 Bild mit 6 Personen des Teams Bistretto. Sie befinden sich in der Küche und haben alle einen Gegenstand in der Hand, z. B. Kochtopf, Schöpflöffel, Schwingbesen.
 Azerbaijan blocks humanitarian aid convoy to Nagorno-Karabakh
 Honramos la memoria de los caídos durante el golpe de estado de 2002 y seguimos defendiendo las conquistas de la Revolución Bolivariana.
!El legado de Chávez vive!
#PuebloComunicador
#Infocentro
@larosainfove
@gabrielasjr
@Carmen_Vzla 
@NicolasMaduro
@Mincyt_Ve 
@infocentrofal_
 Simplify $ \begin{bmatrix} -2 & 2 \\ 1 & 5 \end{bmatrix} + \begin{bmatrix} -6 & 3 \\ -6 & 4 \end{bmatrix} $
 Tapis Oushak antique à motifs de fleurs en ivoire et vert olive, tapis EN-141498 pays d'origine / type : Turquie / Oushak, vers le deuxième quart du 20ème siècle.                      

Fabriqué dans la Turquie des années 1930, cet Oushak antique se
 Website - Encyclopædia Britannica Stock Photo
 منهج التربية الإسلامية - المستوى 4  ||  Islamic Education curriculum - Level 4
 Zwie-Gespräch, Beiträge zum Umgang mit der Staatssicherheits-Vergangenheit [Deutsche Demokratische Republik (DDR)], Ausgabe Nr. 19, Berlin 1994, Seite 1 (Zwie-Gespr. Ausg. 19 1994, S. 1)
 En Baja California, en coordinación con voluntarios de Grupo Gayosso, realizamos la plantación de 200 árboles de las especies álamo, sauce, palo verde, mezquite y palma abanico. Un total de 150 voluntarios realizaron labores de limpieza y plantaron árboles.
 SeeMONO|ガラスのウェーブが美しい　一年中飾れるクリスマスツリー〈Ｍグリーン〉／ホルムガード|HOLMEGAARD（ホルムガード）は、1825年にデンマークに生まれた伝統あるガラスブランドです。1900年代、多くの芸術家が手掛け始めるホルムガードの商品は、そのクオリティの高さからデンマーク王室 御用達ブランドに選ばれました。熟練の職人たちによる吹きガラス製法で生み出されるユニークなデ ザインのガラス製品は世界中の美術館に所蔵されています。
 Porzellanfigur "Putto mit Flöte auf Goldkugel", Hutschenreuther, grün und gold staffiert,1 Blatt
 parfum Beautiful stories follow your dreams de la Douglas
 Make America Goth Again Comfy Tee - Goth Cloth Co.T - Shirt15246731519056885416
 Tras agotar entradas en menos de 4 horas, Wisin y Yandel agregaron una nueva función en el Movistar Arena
***
ASSIGNMENT: When you reach the line holding "Tapis Oushak antique" in the records above, begin reproducing exactly, stop after the line holding "Zwie-Gespräch, Beiträge zum", and output nothing else.

COMPLETED TASK:
 Tapis Oushak antique à motifs de fleurs en ivoire et vert olive, tapis EN-141498 pays d'origine / type : Turquie / Oushak, vers le deuxième quart du 20ème siècle.                      

Fabriqué dans la Turquie des années 1930, cet Oushak antique se
 Website - Encyclopædia Britannica Stock Photo
 منهج التربية الإسلامية - المستوى 4  ||  Islamic Education curriculum - Level 4
 Zwie-Gespräch, Beiträge zum Umgang mit der Staatssicherheits-Vergangenheit [Deutsche Demokratische Republik (DDR)], Ausgabe Nr. 19, Berlin 1994, Seite 1 (Zwie-Gespr. Ausg. 19 1994, S. 1)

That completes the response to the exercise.